(MONSIEUR HARDOUIN, LE MARQUIS DE TOURVELLE.)
Le Marquis de Tourvelle
Vous rêviez là bien profondément.
Monsieur Hardouin
Je rêvais ; oui, je rêvais, et si vous voulez que je vous le confesse, je rêvais à toutes ces fausses joies du monde… J'en suis las et très-las.
Le Marquis de Tourvelle
Vous l'avouerai-je à mon tour ? J'ai toujours bien espéré de vous, car je vous ai remarqué des sentiments de religion : au milieu de vos égarements vous avez respecté la religion ; courage ! mon cher Hardouin ; point de mauvaise honte ; ce qui m'est arrivé, vous arrivera : les brocards pleuvront sur vous ; il faut s'attendre à cela ; mais il faut aller à Dieu quand il nous appelle, les moments de la grâce ne sont pas fréquents. Quand vous aurez pris intrépidement votre parti, venez me voir, je vous mettrai entre les mains d'un homme ; ah ! quel homme !… mais il faut que je vous quitte. Le père Élisée, et après le père Élisée, je nomme à ce prieuré de Préfontaine, pour lequel on me sollicite de tous les côtés.
Monsieur Hardouin
Mais à propos, on dit par le monde, on m'a dit que vous le destiniez à un abbé Gauchat, et j'en suis vraiment affligé. L'abbé Gauchat est un de mes compagnons d'étude.
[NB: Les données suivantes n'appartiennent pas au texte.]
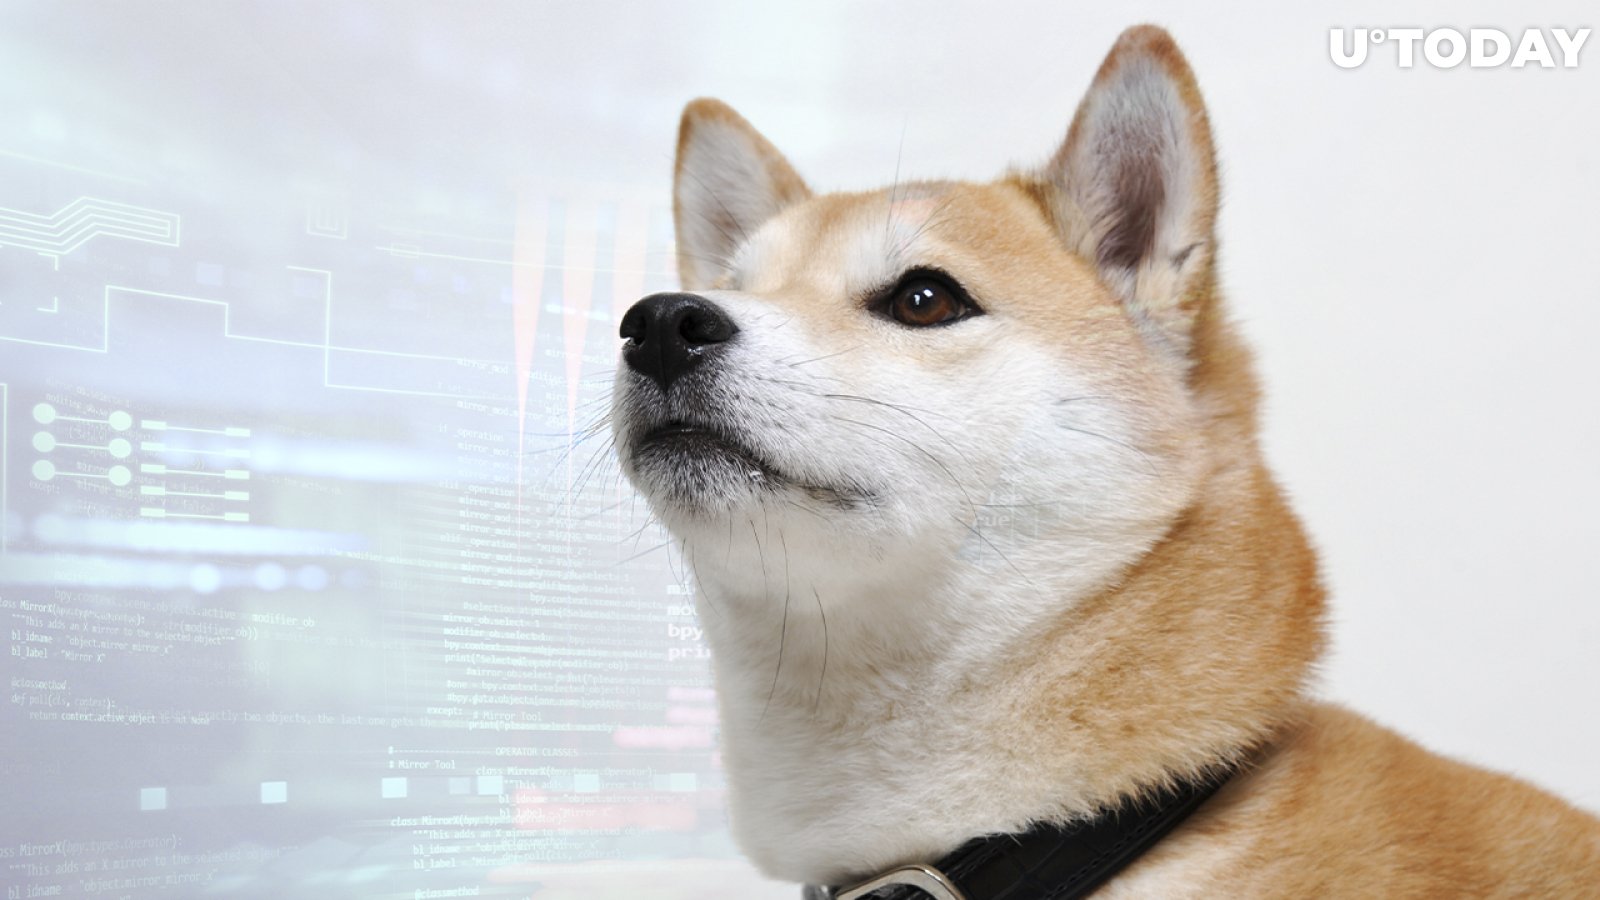 SHIB Price Hints at Incoming Volatility, Holders Increase by Nearly 20,000

Il fait de jolis vers, il fréquente la bonne compagnie, il joue, il a d'excellent vin de Champagne, dont il n'est pas économe, et il attend ce bénéfice pour faire usage de son revenu, mais, entre nous, un usage détestable.
Le Marquis de Tourvelle
C'est l'abbé Dubuisson que vous voulez dire.
Monsieur Hardouin
Fi donc ! l'abbé Dubuisson est un homme doué de toutes les vertus et de toutes les connaissances de son état, et qui, par ses mœurs, fait l'édification de son séminaire où il a toujours vécu.
Le Marquis de Tourvelle
Que m'apprenez-vous là ?
Monsieur Hardouin
Je gagerais bien que c'est une petite dévote de vingt ans qui vous a recommandé le Gauchat.
Le Marquis de Tourvelle
Il est vrai, et une dévote dont la chaleur m'a paru suspecte.
Monsieur Hardouin
Et avec laquelle… Mon témoignage ne vous le paraîtra pas quand vous saurez que le Gauchat est de ma province, et peut-être un peu mon parent du côté de ma mère ; ainsi si je ne consultais que les liaisons du sang, c'est pour lui que je vous parlerais, mais il s'agit bien de cela ! Il n'y a déjà que trop de mauvais dépositaires du patrimoine des pauvres, sans en augmenter le nombre. Le patrimoine des pauvres !
Le Marquis de Tourvelle
Le patrimoine des pauvres !… Venez que je vous embrasse pour le service important que vous me rendez. Quelle balourdise j'allais commettre ! Je manquerai le père Élisée, mais l'abbé Dubuisson aura le prieuré, je vous en réponds. Adieu, mon ami. Si vous m'en croyez, vous écouterez le mouvement salutaire de votre conscience, et le plus tôt sera le mieux.